• Source material:
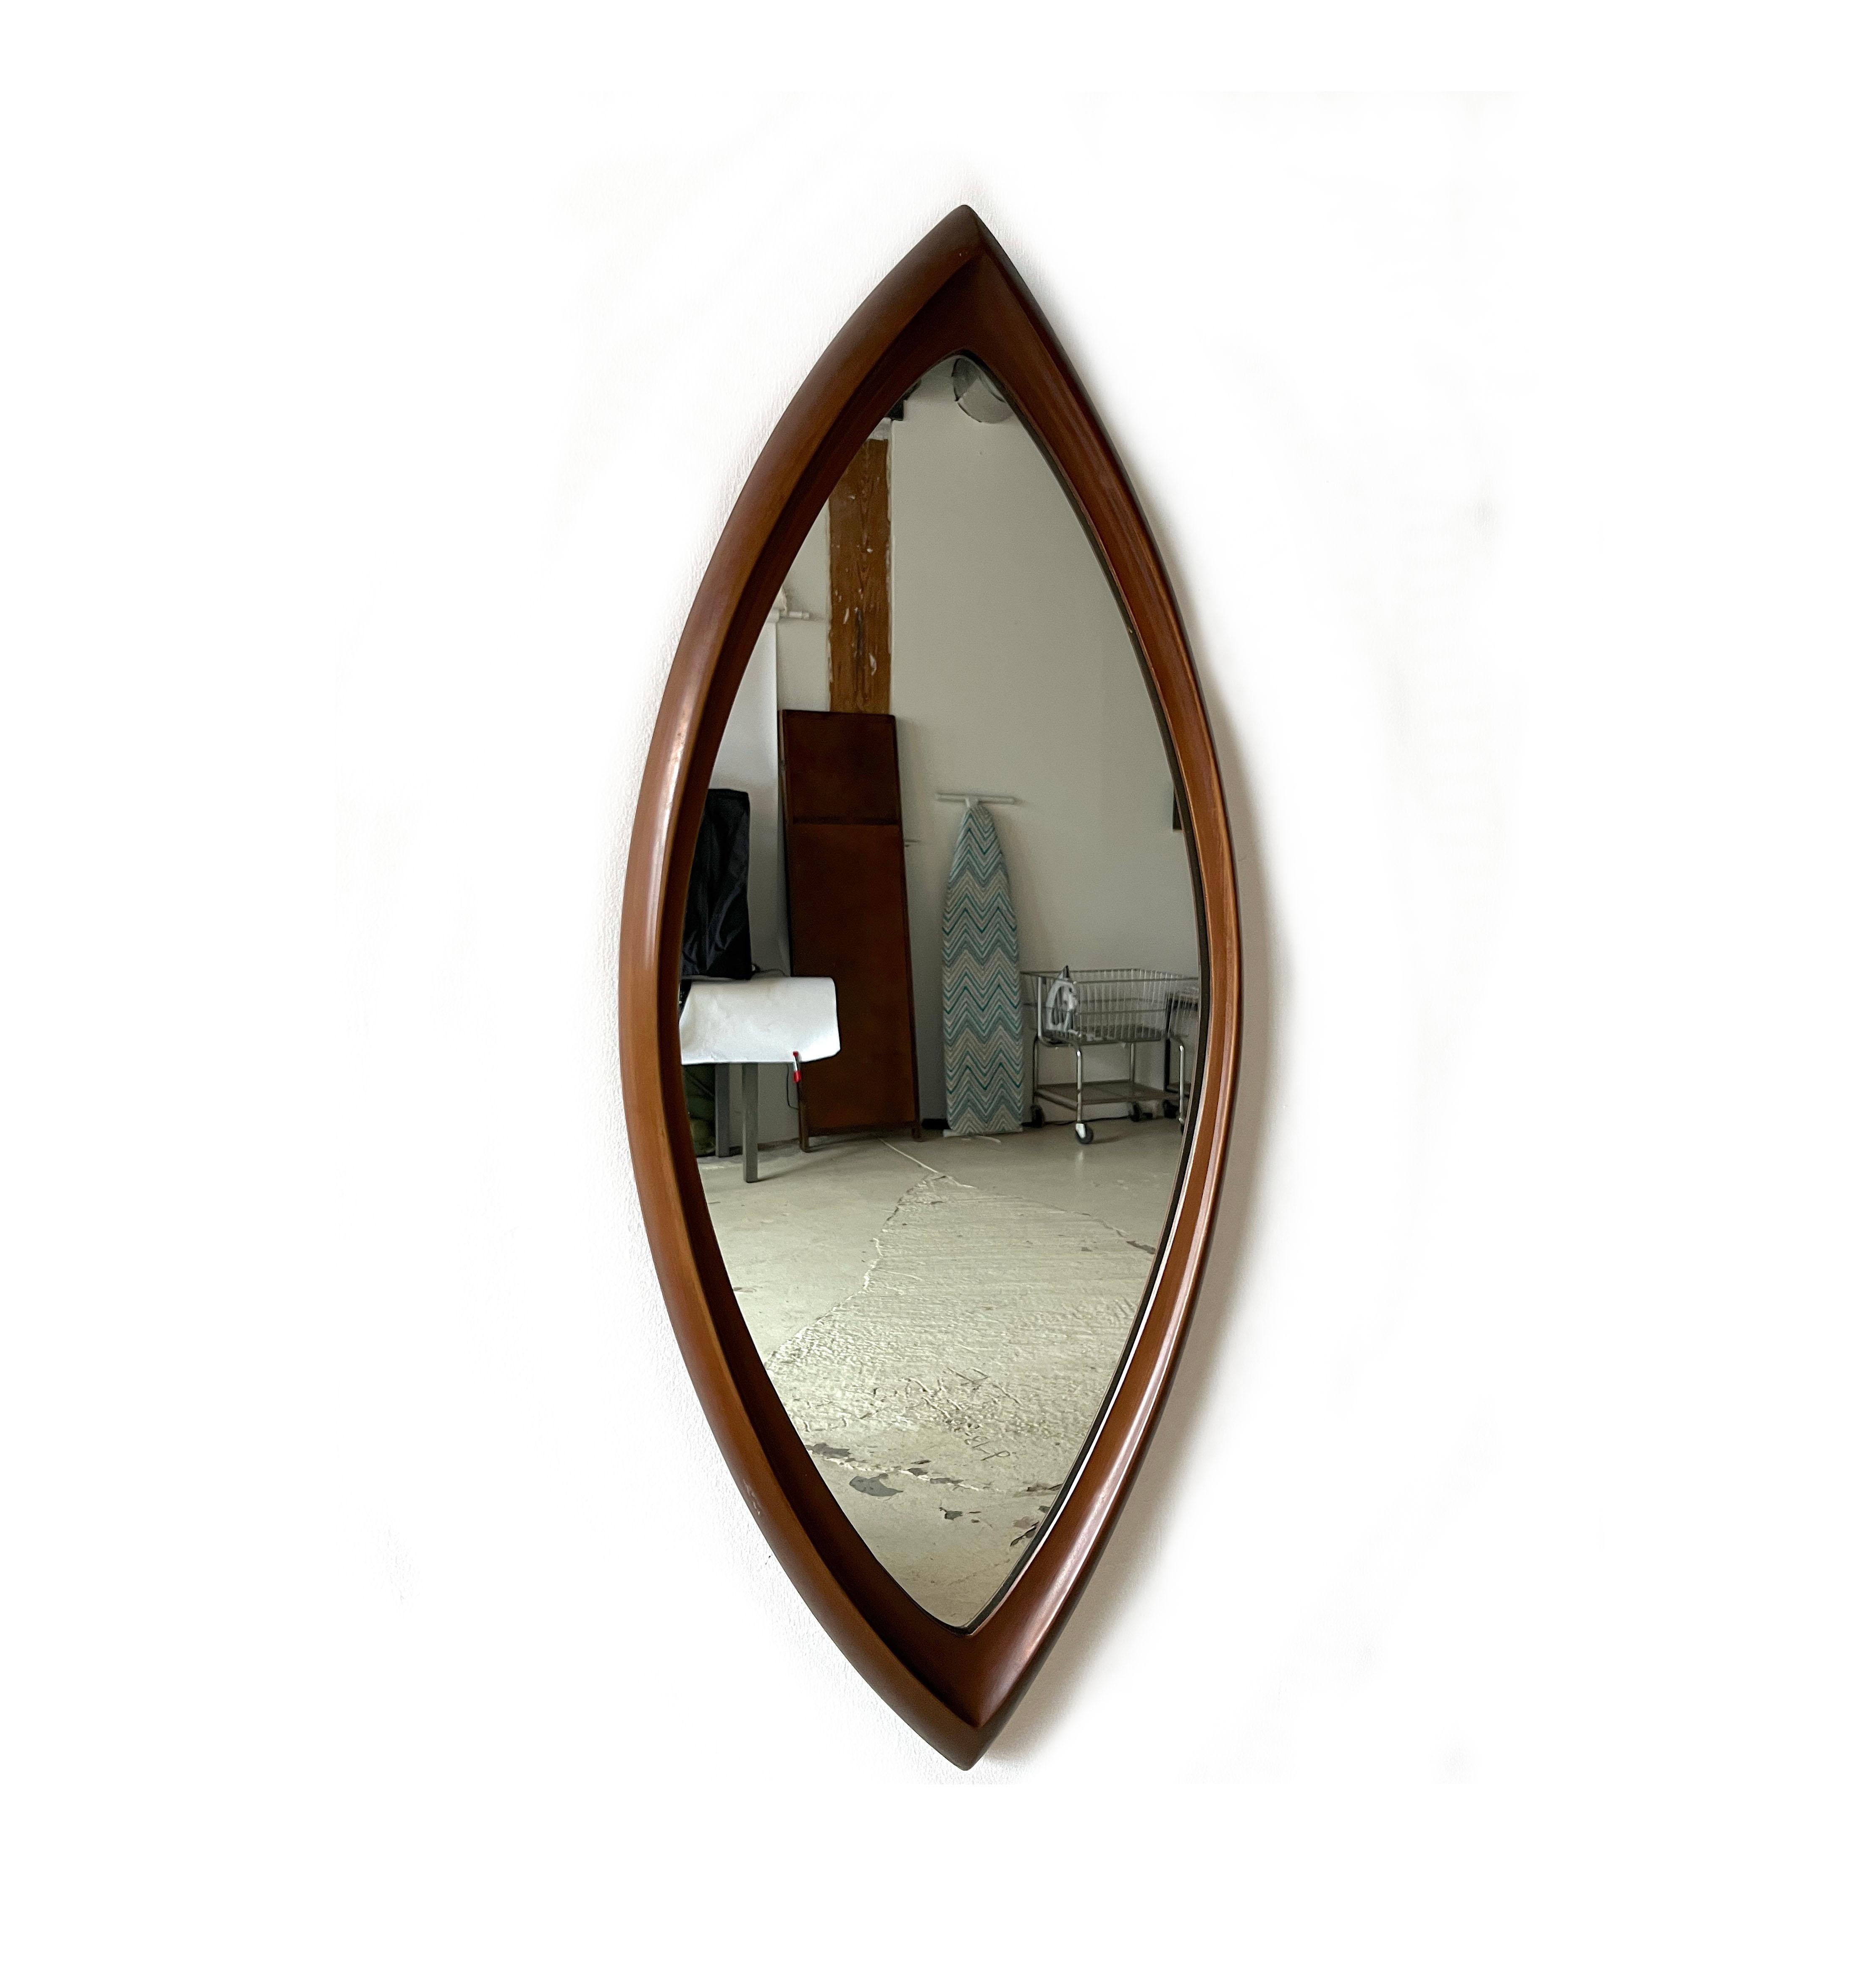 Wunderschön gestalteter moderner Spiegel. Geformtes, synthetisches Holz der Firma Syroco, das das Auge täuscht: Es sieht aus wie echtes Holz. Ideal für den Eingangsbereich, über einer Kommode oder in einem Badezimmer.

Coole 
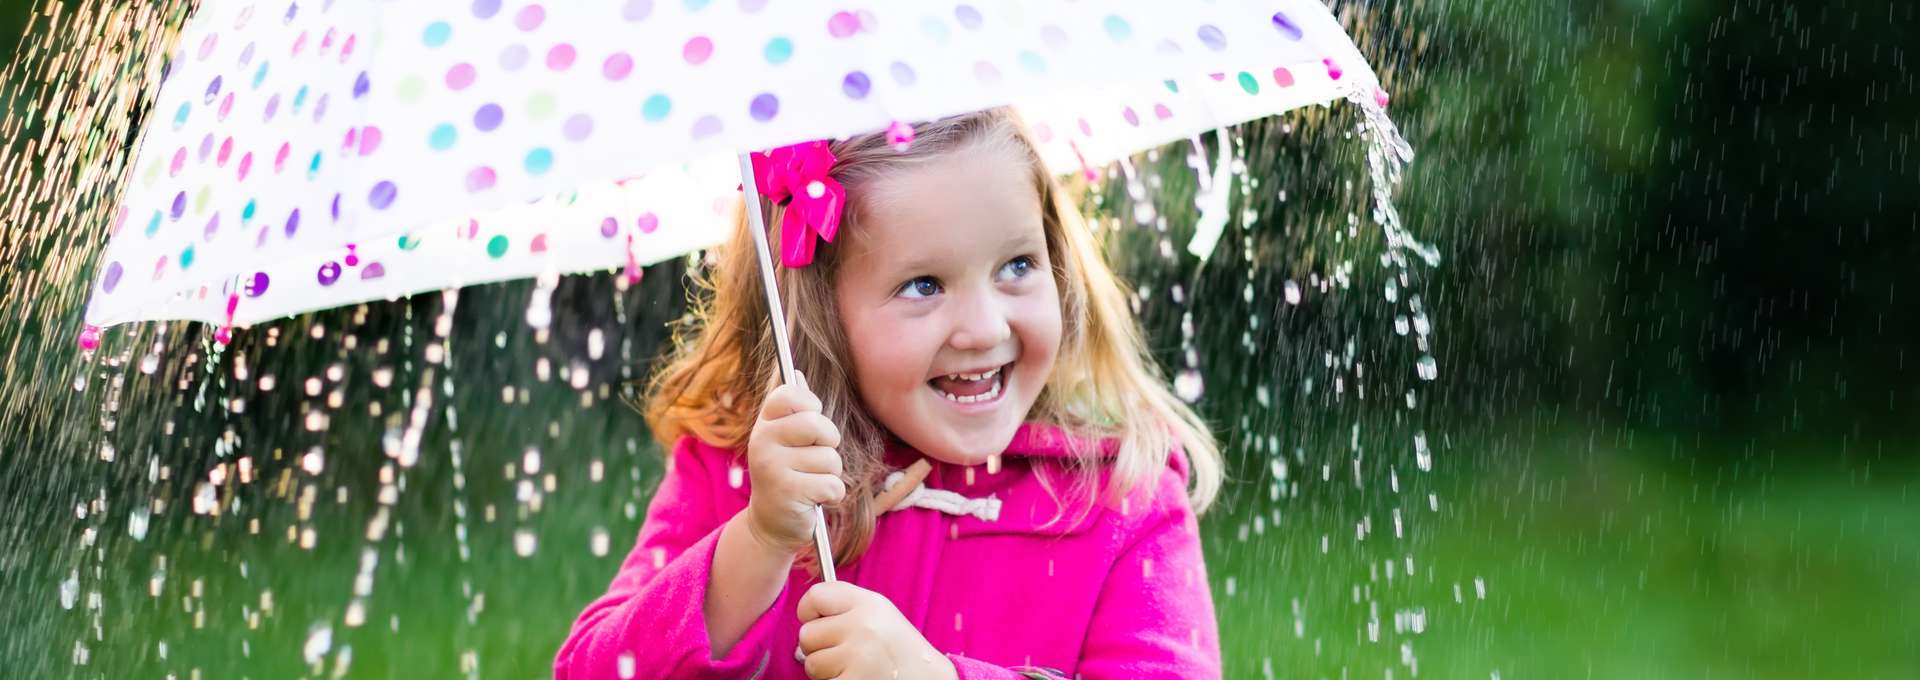 en flicka i rosa jacka som står med ett paraply i regnet

• What the exercise asks: Output the material word for word, omitting its pictures.

• Solved problem:
 Wunderschön gestalteter moderner Spiegel. Geformtes, synthetisches Holz der Firma Syroco, das das Auge täuscht: Es sieht aus wie echtes Holz. Ideal für den Eingangsbereich, über einer Kommode oder in einem Badezimmer.

Coole 
 en flicka i rosa jacka som står med ett paraply i regnet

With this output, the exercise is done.